Also, I have a question about swedges--false-edges--top-edges?..

.. Kerry, Tony, or anyone else, a very long time ago I was to understand that the swedge design was originally born out of the top-edge and/or false-edge. In fact, they are all used interchangeably in many circles here still today with the historical minded and knife enthusiasts alike.
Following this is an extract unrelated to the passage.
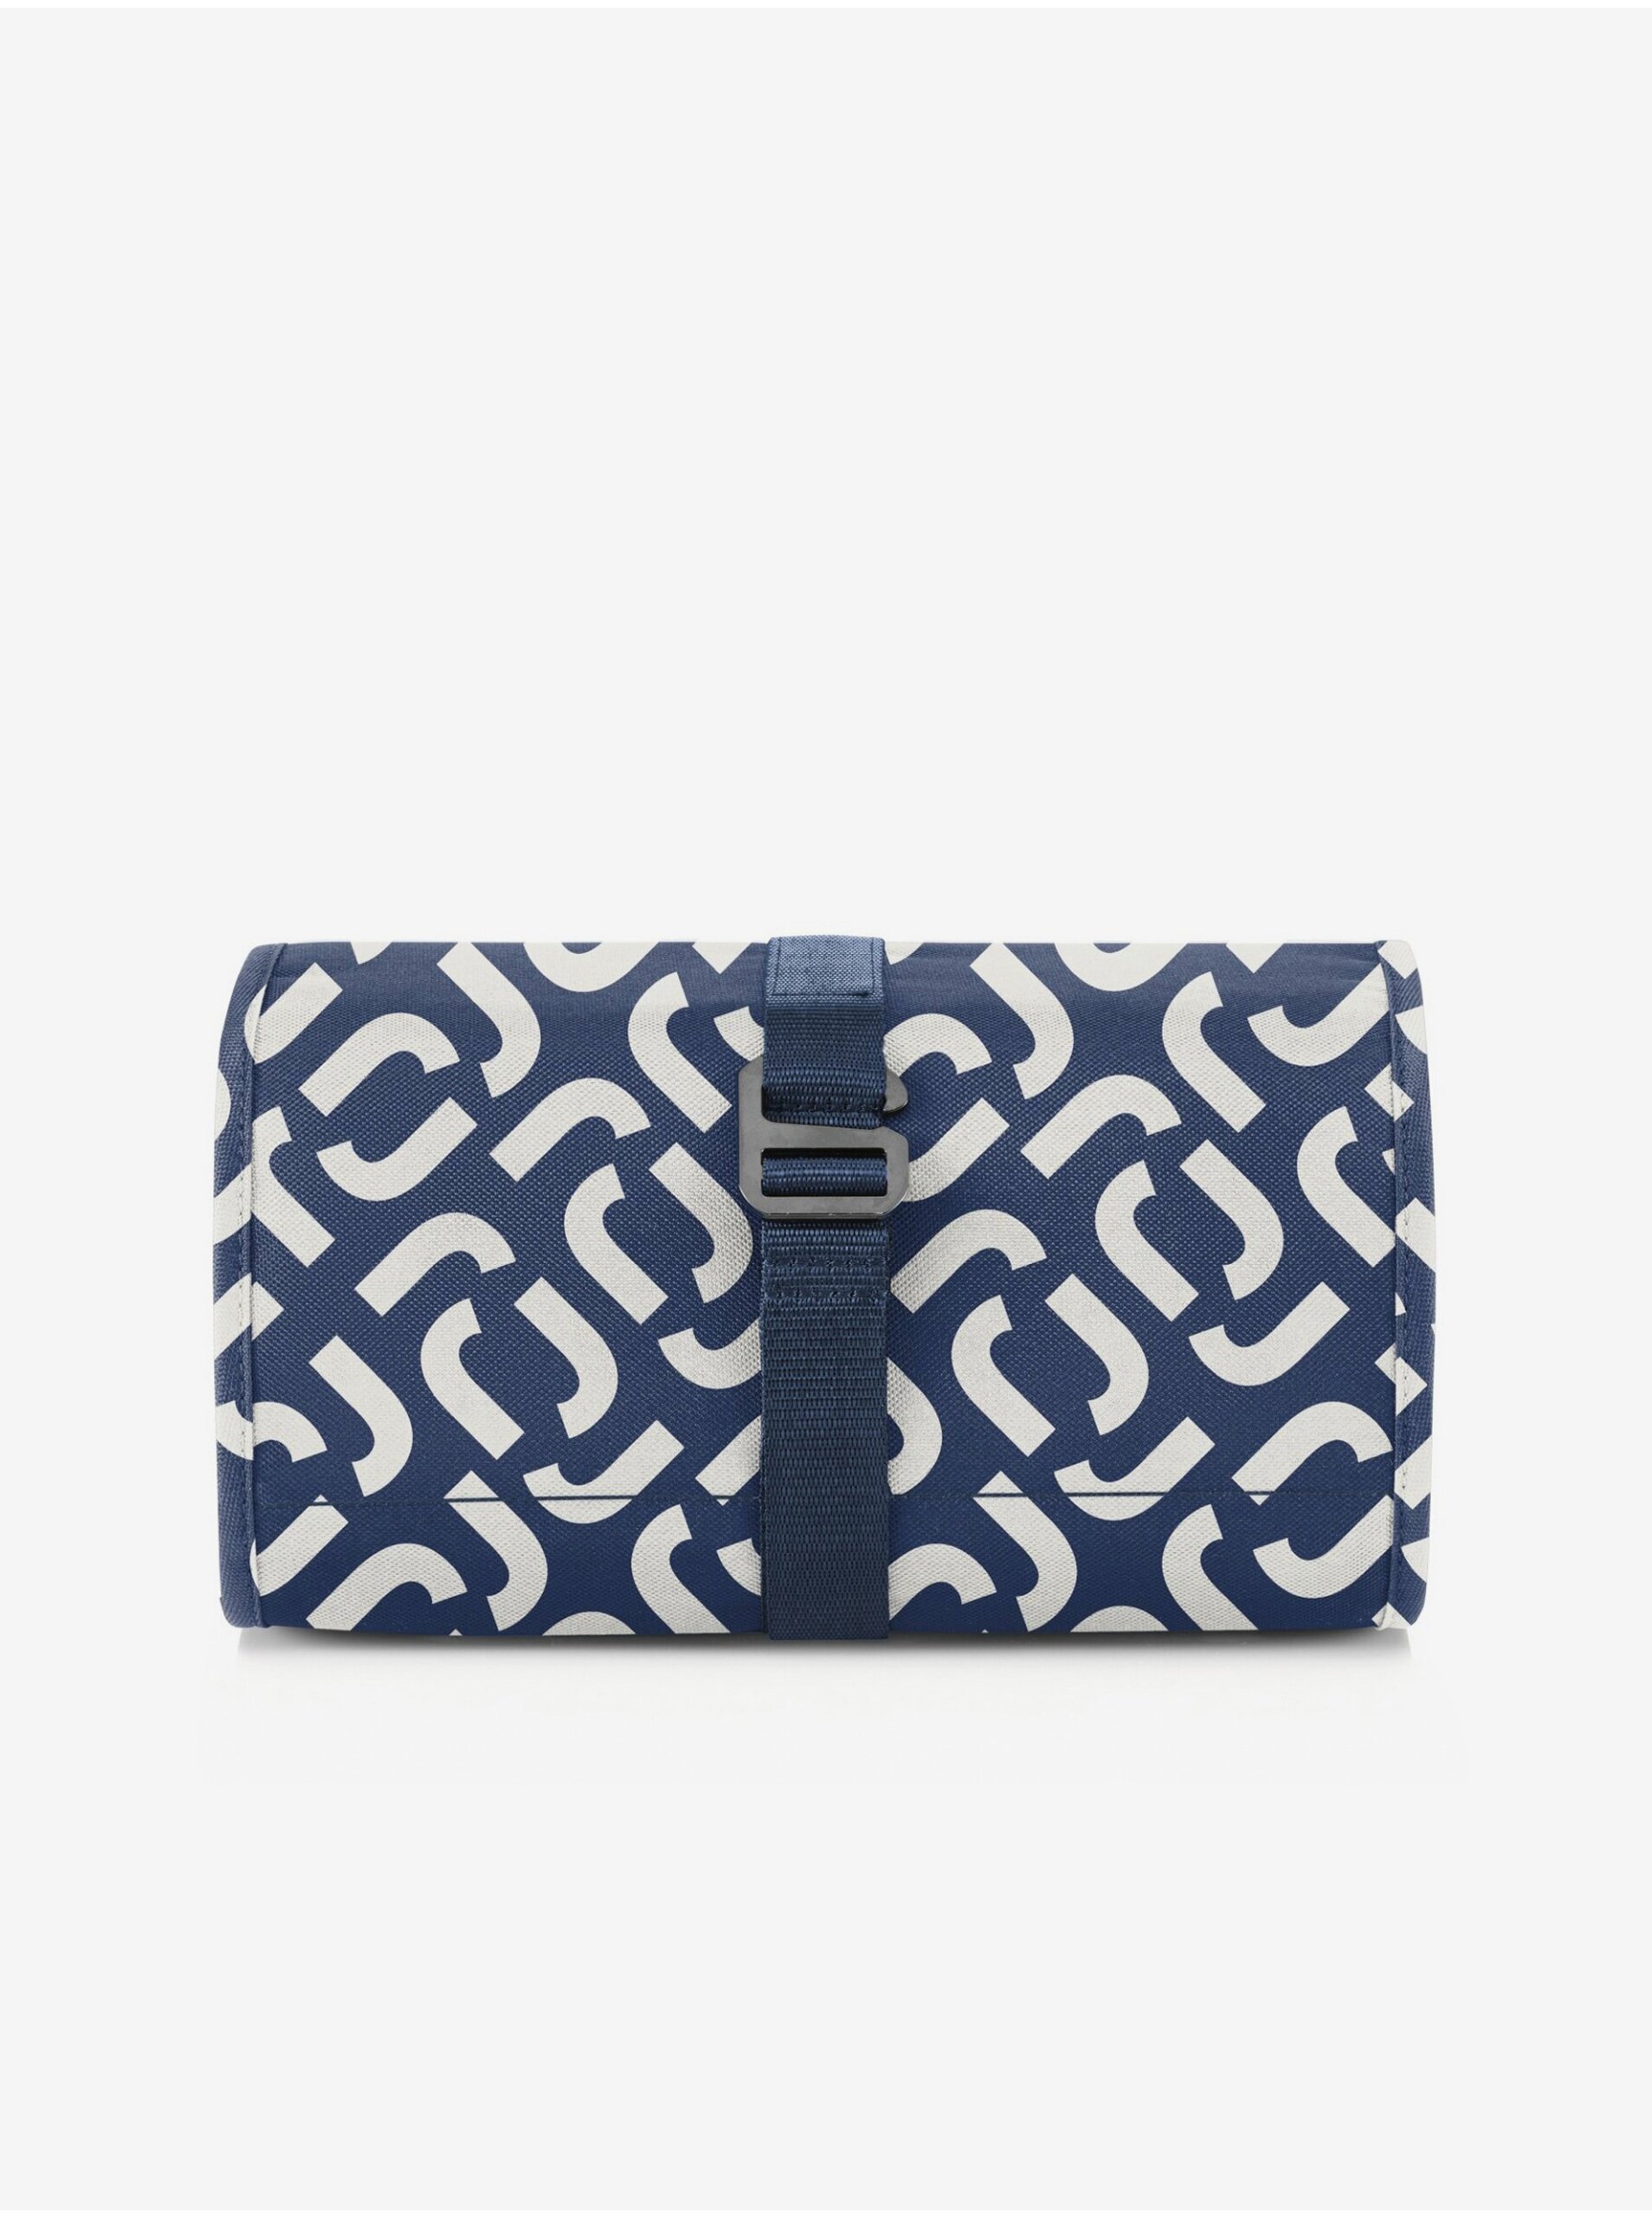 E-shop Tmavě modrá vzorovaná kosmetická taška Reisenthel Wrapcosmetic Signature Navy

Now bear with me here a little.. The way I understand it is the original false edge or swedge design came from the early Bowie knives. Many of the early Bowie type knives in fact actually had sharpened edges or top edges or swedges, located at the tip of the Bowie blade and continued several inches up the top of the spine. The purpose of this was to enable its user to inflict the deadly back-cut and cleave his foe during battle via this top-edge in a sort of whipping motion when the blade was employed with the hand gripped in the forward position.. And also by striking ones opponent from the back swing of a forward striking motion when the hand was gripped in reverse.. Later Bowies evolved without the top edge or swedge sharpened but retained the design and seemed to also be known as the false edge or swedge.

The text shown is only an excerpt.